Bone Morphogenetic Proteins (BMPs) and other members of the TGFb superfamily regulate cell growth and differentiation. Abrogation of BMP/TGFb signaling is associated with cancer, cardiovascular, autoimmune and skeletal diseases. The key step of BMP signal transduction is the phosphorylation of transcription factor Smad1, 5 and 8 by BMP receptors. While phosphorylated Smad1/5/8 (P‐Smad1/5/8) activates BMP‐induced gene transcription in the nucleus, protein phosphatases dephosphorylate P‐Smad1/5/8 and consequently terminate BMP signaling. The identity of the Smad phosphatase has been one of the major unanswered questions in BMP/TGFb biology. To identify Smad phosphatases, we generated cDNA encoding all the protein phosphatases in human genome and undertook a genome‐wide screen. Using combined methods of functional genomics and biochemistry, a novel cytoplasm‐localized Smad1/5/8‐specific phosphatase, SMP3 was discovered.

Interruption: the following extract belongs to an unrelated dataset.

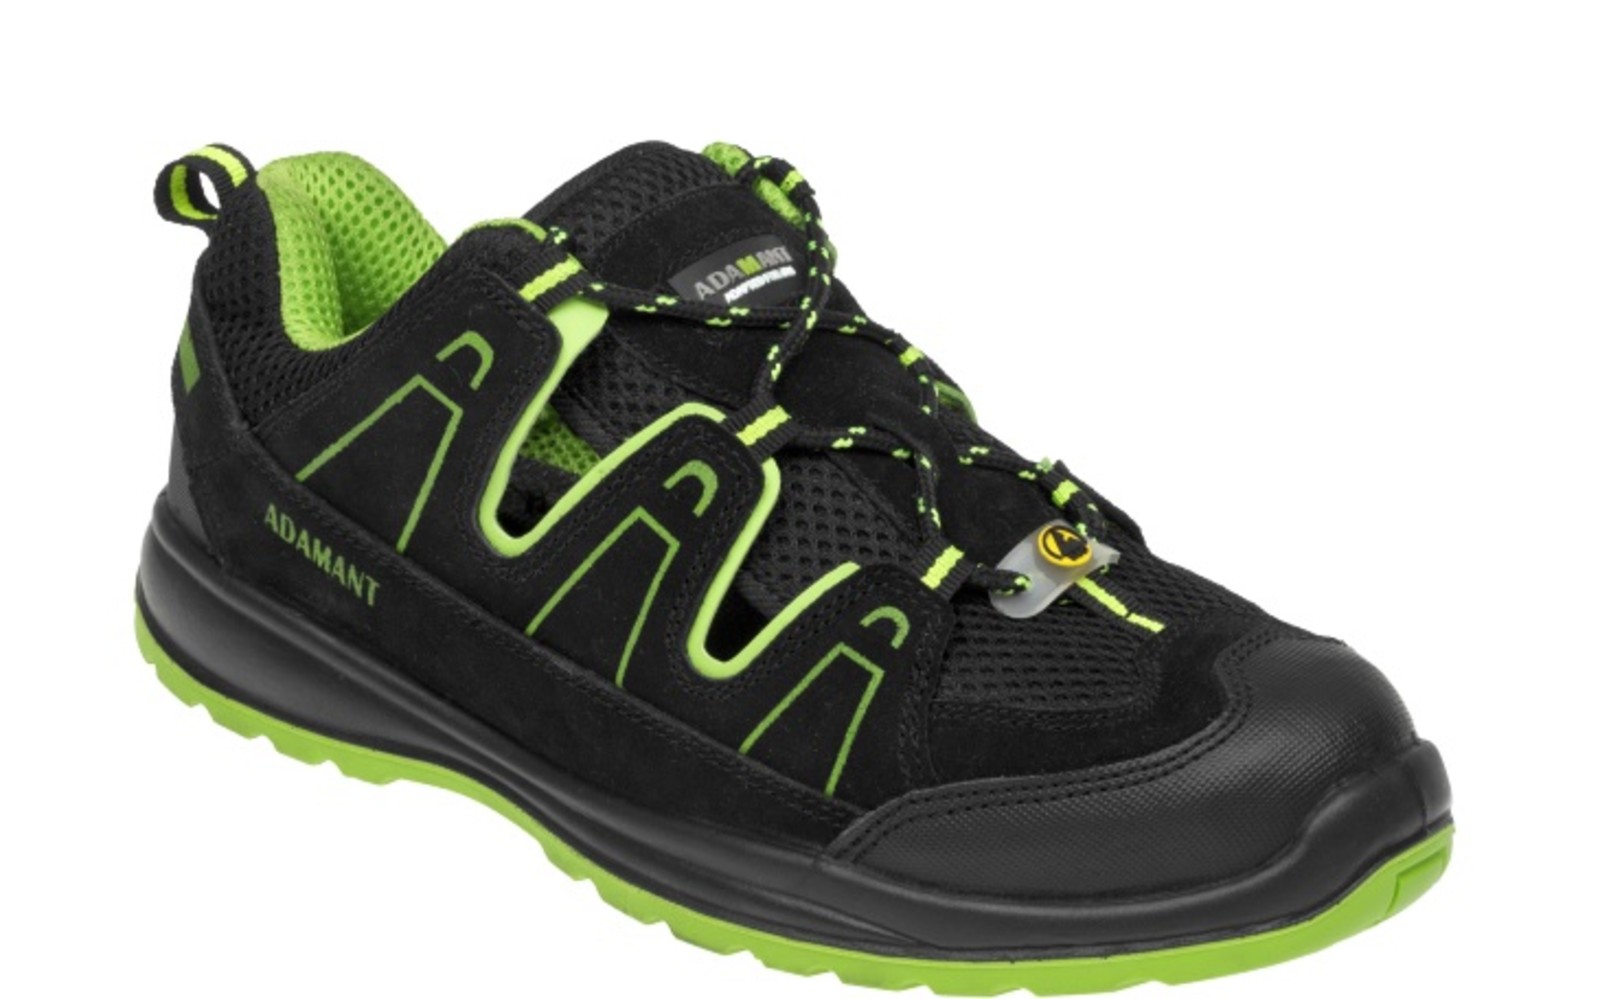 Bezpečnostné sandále Adamant Alegro S1 ESD - veľkosť: 42, farba: čierna/zelená

The effects of SMP3 on controlling the level of P‐Smad1/5/8 in vivo and in vitro were analyzed by immunofluorescence and western blotting, using a phospho‐specific antibody against P‐Smad1/5/8. In vitro binding, immunoprecipitation, and bimolecular fluorescence complementation assays demonstrated that SMP3 and Smad1 directly interact in the cytoplasm. Consequently, ectopic expression of SMP3 in cells abolished BMP‐induced gene expression as measured by real‐time PCR and transcriptional reporter assays, and loss of SMP3 activity (site‐directed mutagenesis) or expression (RNA interference) greatly enhanced BMP signaling. In conclusion, SMP3 acts as a gatekeeper to prevent excessive BMP signaling through dephosphorylation and subsequent nuclear exclusion of Smad1/5/8. Our results not only gain insights into the important role of BMP signaling in human growth and development, but also are pertinent towards novel therapeutic approaches for the prevention and treatment of human diseases.